Iowa State can't shake slow start vs. Memphis

MEMPHIS, Tenn. (AP) — The key number for Memphis in its Liberty Bowl victory was “zero.”

Not what you might expect from the winner.

But that was the important stat. Zero Tiger turnovers. Zero Memphis penalties.

And most importantly, zero yards rushing for Iowa State.

Seth Henigan threw for 364 yards and four touchdowns and the Memphis defense shut down Iowa State’s rushing game on the way to a 36-26 victory in the Liberty Bowl on Friday night.

“I think that’s how you win pretty handily against a Big 12 opponent in a bowl game,” Memphis coach Ryan Silverfield said of the performance, citing the zeros and the performance by Henigan. “I thought it was the most complete game we’ve played all season.”

Blake Watson rushed for 107 yards as Memphis (10-3) of the American Athletic Conference amassed 530 yards of total offense and finished with at least 10 wins for the fifth time in program history.

Henigan completed 24 of 34 passes and also rushed for 27 yards and a touchdown.

The game was a rematch of the 2017 Liberty Bowl won by Iowa State 21-20. And, despite playing on the Tigers’ home field at Simmons Bank Liberty Stadium, the Cyclones were designated as the home team. Even with its home field advantage, Memphis was not expected to challenge Iowa State, and that motivated the Tigers.

“We were 10 1/2-point underdogs,” said Chandler Martin, who had eight tackles, including five tackles for a loss. “We had a chip on our shoulder. We were being very pinpointed, and everybody just wanted to win, and we expected to win.”

Henigan added: “Zero rushing yards is a feat in any game, but especially in a bowl game against a good Big 12 opponent. Kudos to our defense.”

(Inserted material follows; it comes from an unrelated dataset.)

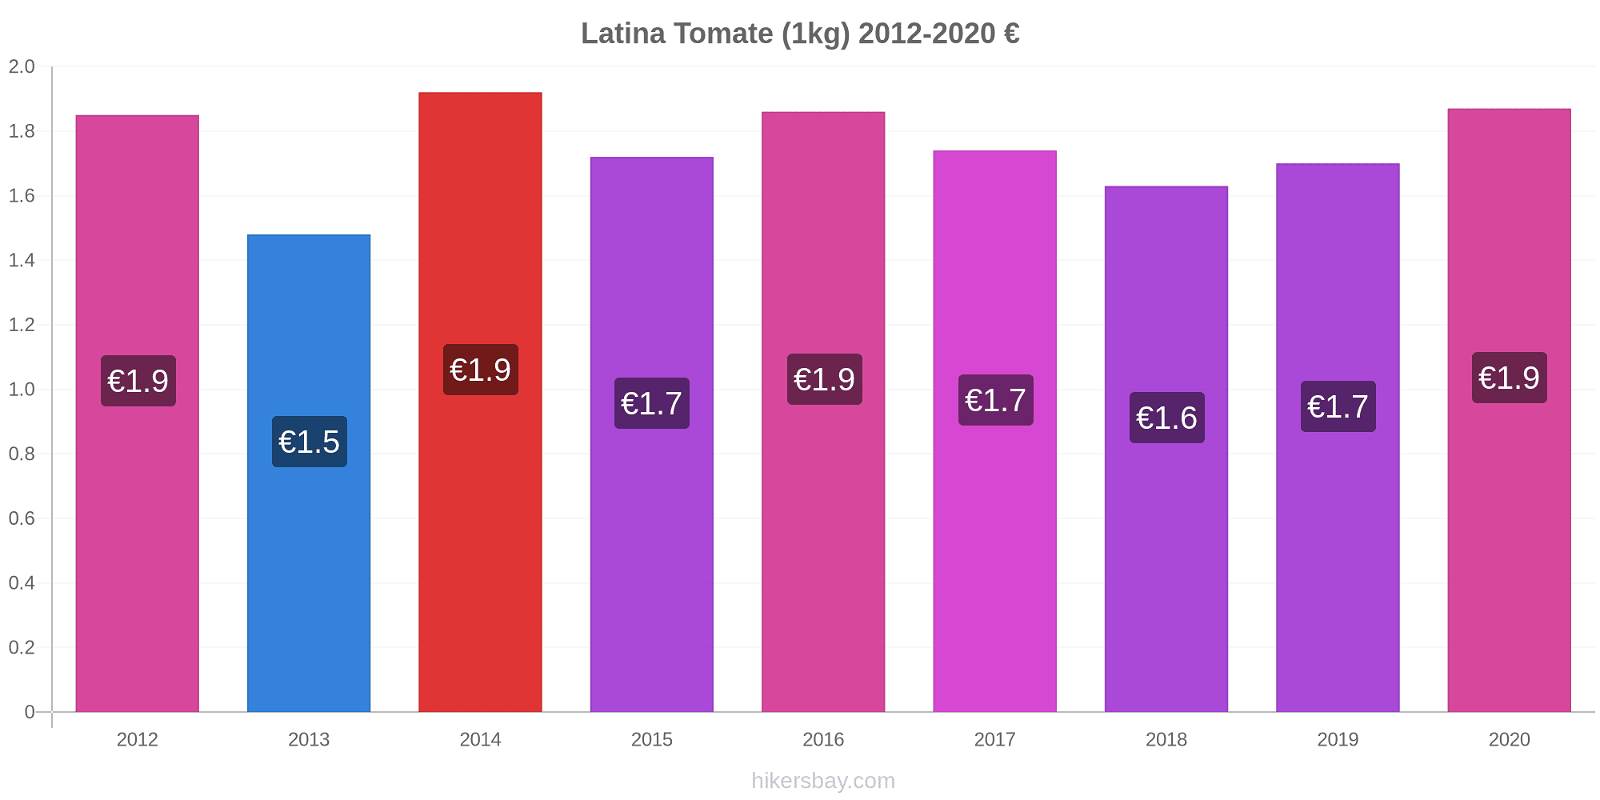 Latina cambios de precios Tomate (1kg) hikersbay.com

Redshirt freshman Rocco Becht led the Cyclone offense, going 22 for 38 for 446 yards and three touchdown passes. But Becht supplied nearly all the offence for Iowa State (7-6), which averages 130 yard rushing per game. This time, the Cyclones couldn’t muster any rushing attack.

Both teams had their moments offensively in the first half. Memphis scored 19 points in the first quarter before Iowa State answered with 13 in the second. A 49-yard field goal by Tanner Gilliss as time expired in the first half gave Memphis a 22-13 lead at the break.

“We got behind,” Cyclone coach Matt Campbell said of the rushing problems. “So, you’re trying to play catch up, and you are trying to throw the football to get yourself back in the game.”

The Tigers extended the lead to 36-13 midway through the third quarter on two touchdown passes by Henigan, providing enough of a buffer for Memphis to claim the victory.

“What we’ve seen all season from our team is handling adversity really well,” Becht said. “You saw some spots where we were able to handle it. We just weren’t able to finish.”


Memphis: Henigan and wide receiver Roc Taylor have said they plan to return for the 2024 season, which gives Memphis a good start to its offensive attack. The bowl victory should give the Tigers momentum going into next season.

Iowa State: The Cyclones were not predicted to have a good season and matters became worse when five projected starters, including quarterback Hunter Dekkers, were caught up in a gambling probe. Becht stepped into the role and with a heavy reliance on younger players, Matt Campbell’s team played above .500 and closed the regular season with a win over then-No. 19 Kansas State. Even with Friday’s loss, the season was better than many expected.


Cyclone running back Abu Sama III, who rushed for 276 yards in his first start against Kansas State in Iowa State’s season finale, was kept in check through the game. Sama had four yards on 12 carries.


Memphis: The Tigers open the 2024 season at home against North Alabama.

Iowa State: The Cyclones host North Dakota to open the 2024 season.